In the data below, the copy begins at the line containing "ACN destinará una" and runs through the last line; repeat those lines exactly, minus the pictures.

**The data**.
===
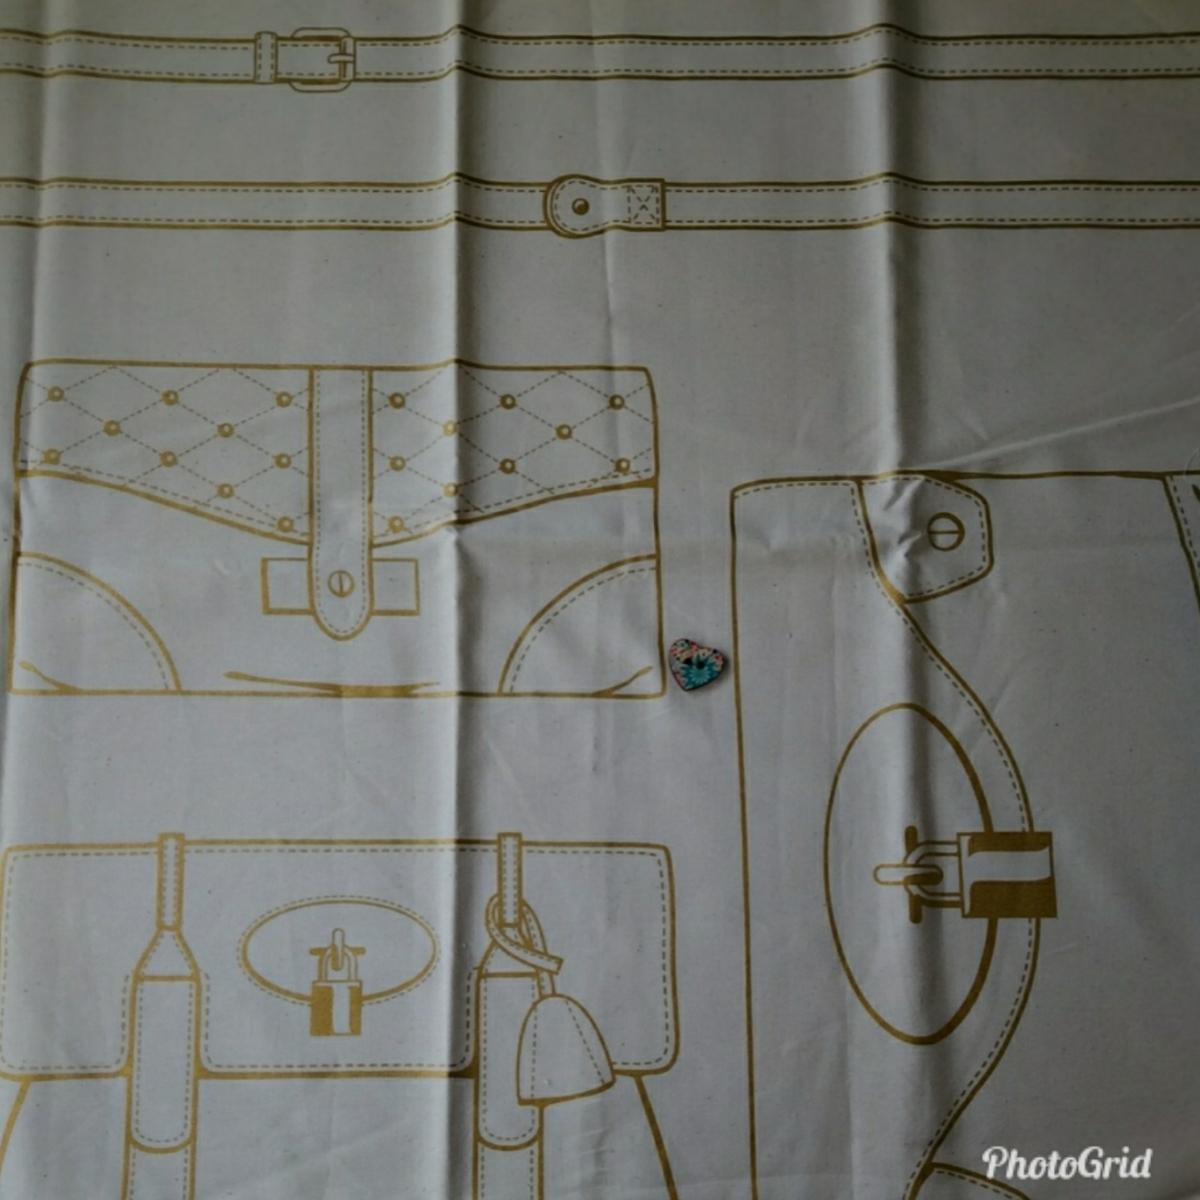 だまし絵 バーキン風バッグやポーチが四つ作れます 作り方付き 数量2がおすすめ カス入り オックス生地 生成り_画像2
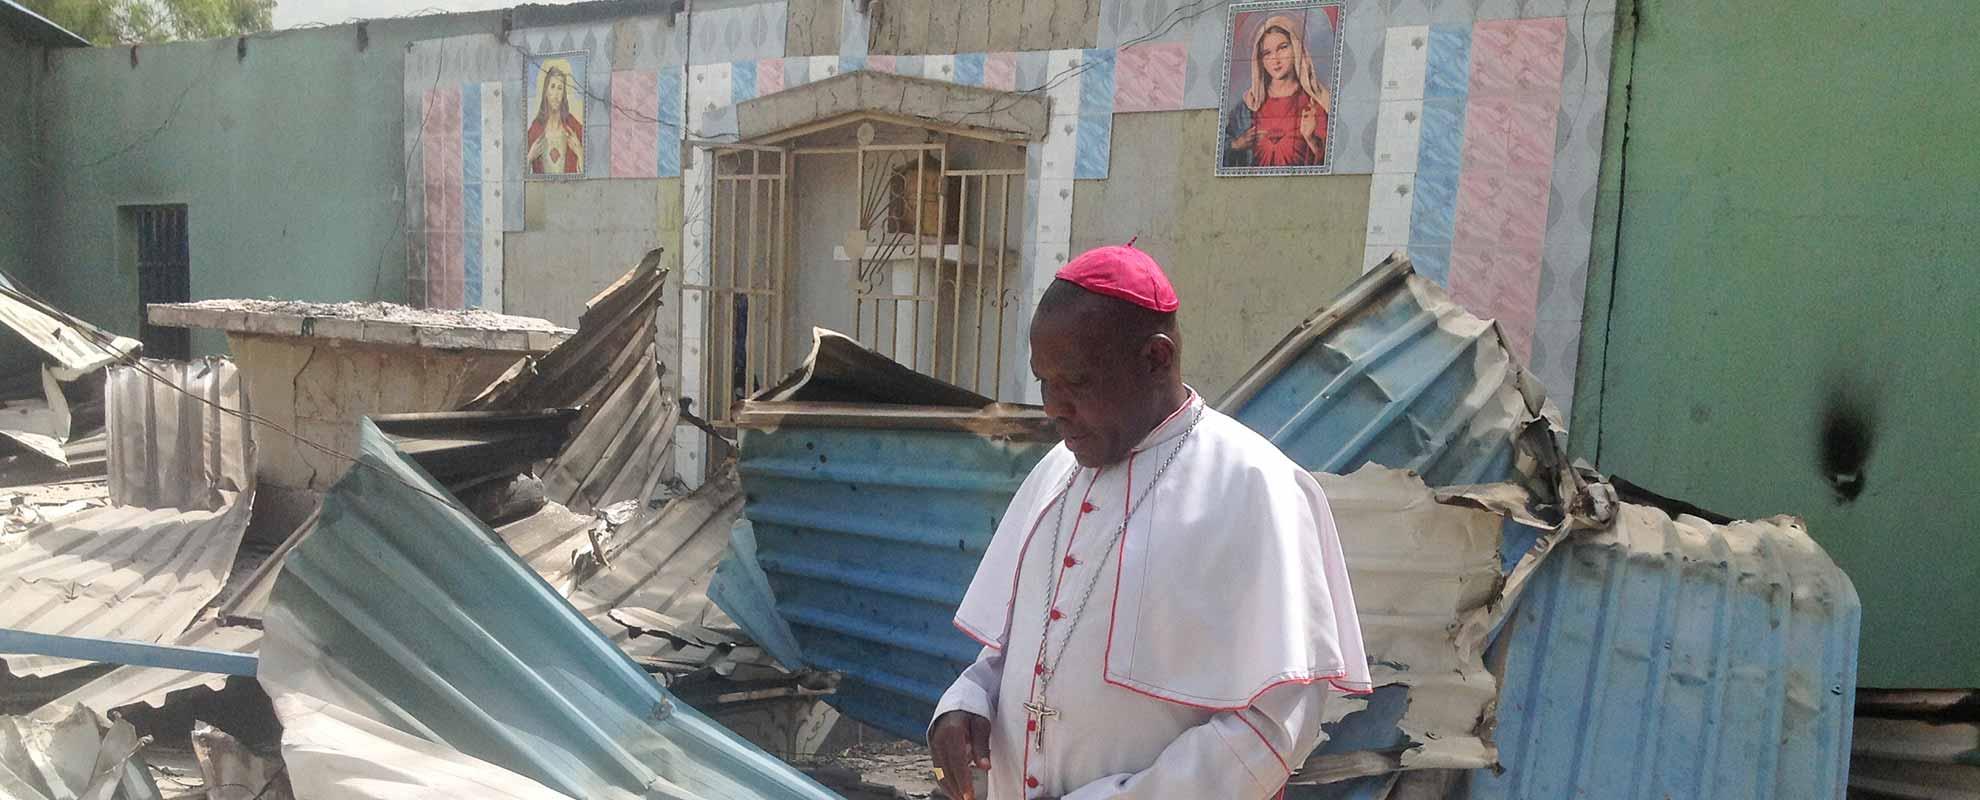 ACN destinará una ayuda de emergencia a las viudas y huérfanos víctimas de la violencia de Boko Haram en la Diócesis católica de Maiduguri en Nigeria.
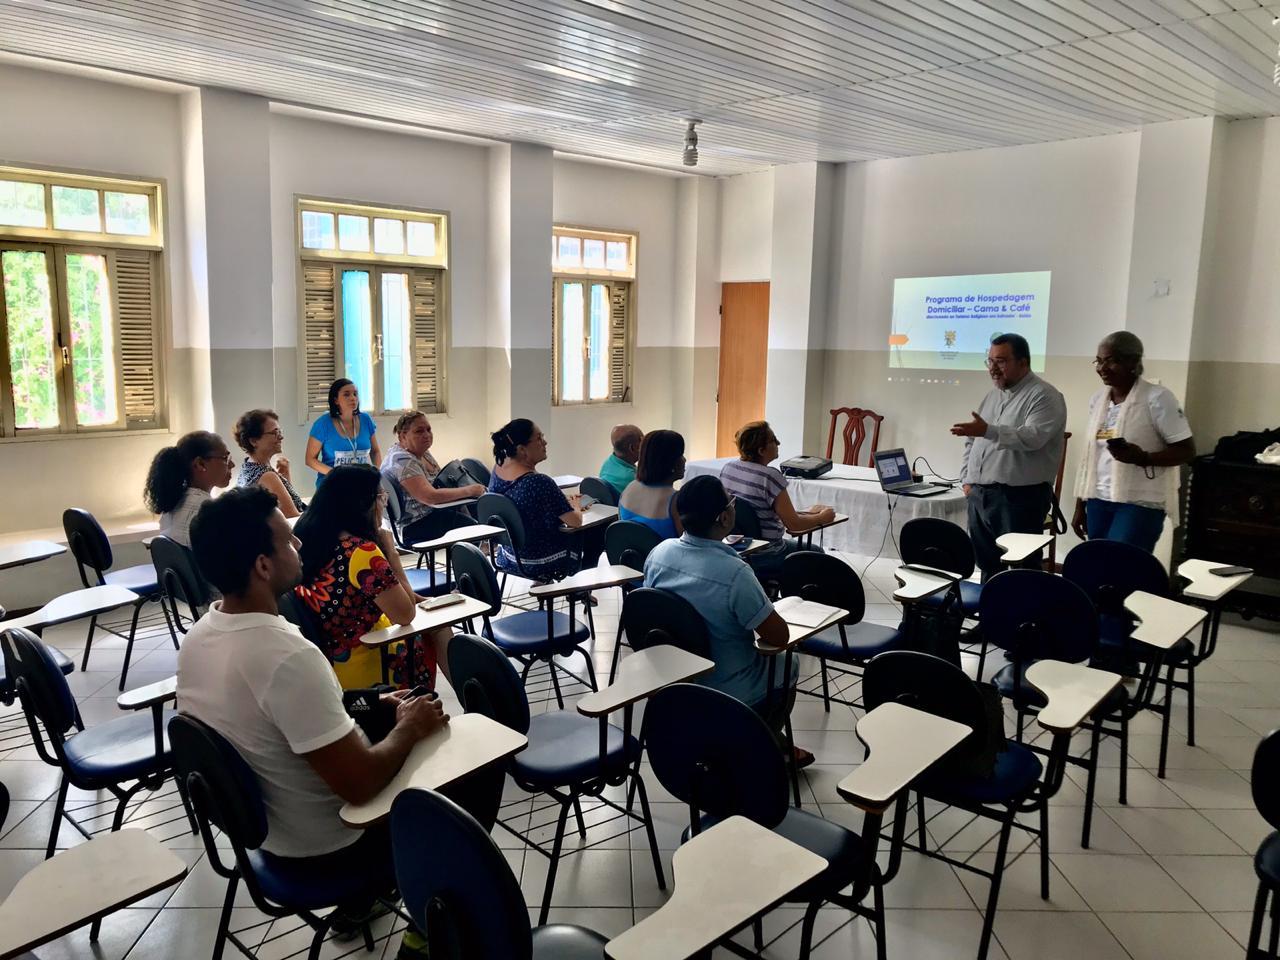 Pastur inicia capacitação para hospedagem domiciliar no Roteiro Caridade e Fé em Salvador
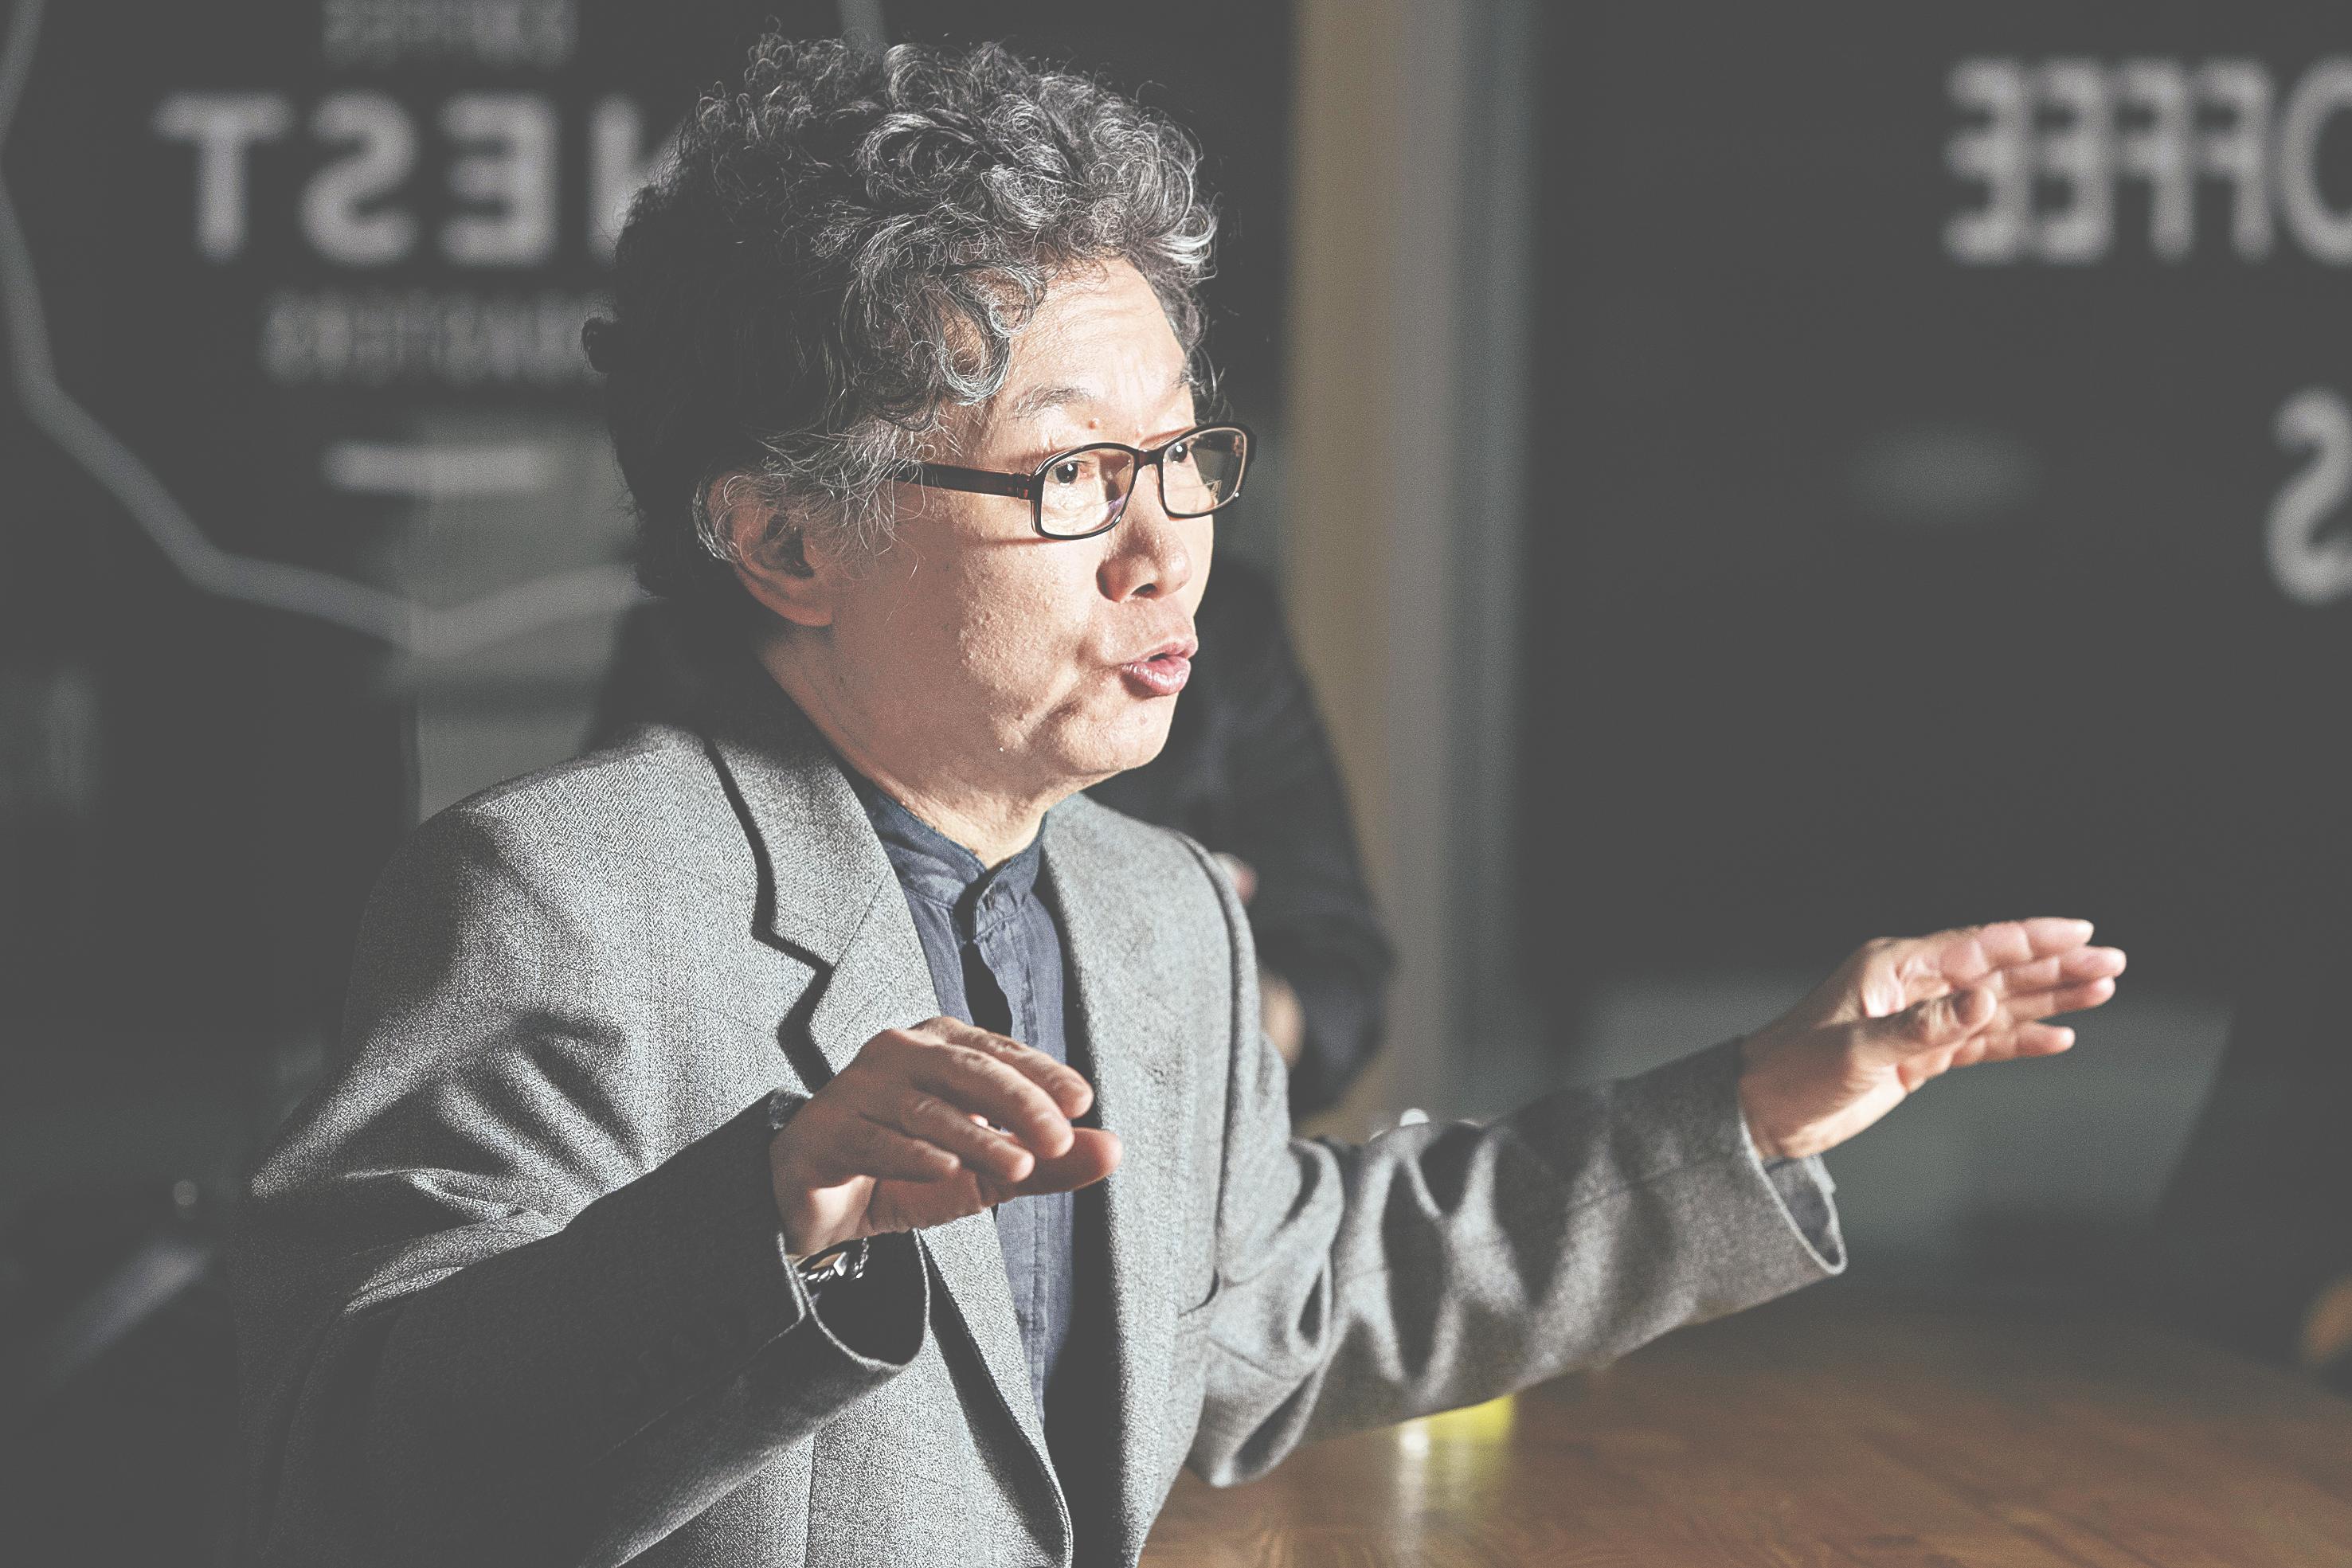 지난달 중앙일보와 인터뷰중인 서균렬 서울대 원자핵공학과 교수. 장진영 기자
===
**Solution to this exercise**.
 ACN destinará una ayuda de emergencia a las viudas y huérfanos víctimas de la violencia de Boko Haram en la Diócesis católica de Maiduguri en Nigeria.
 Pastur inicia capacitação para hospedagem domiciliar no Roteiro Caridade e Fé em Salvador
 지난달 중앙일보와 인터뷰중인 서균렬 서울대 원자핵공학과 교수. 장진영 기자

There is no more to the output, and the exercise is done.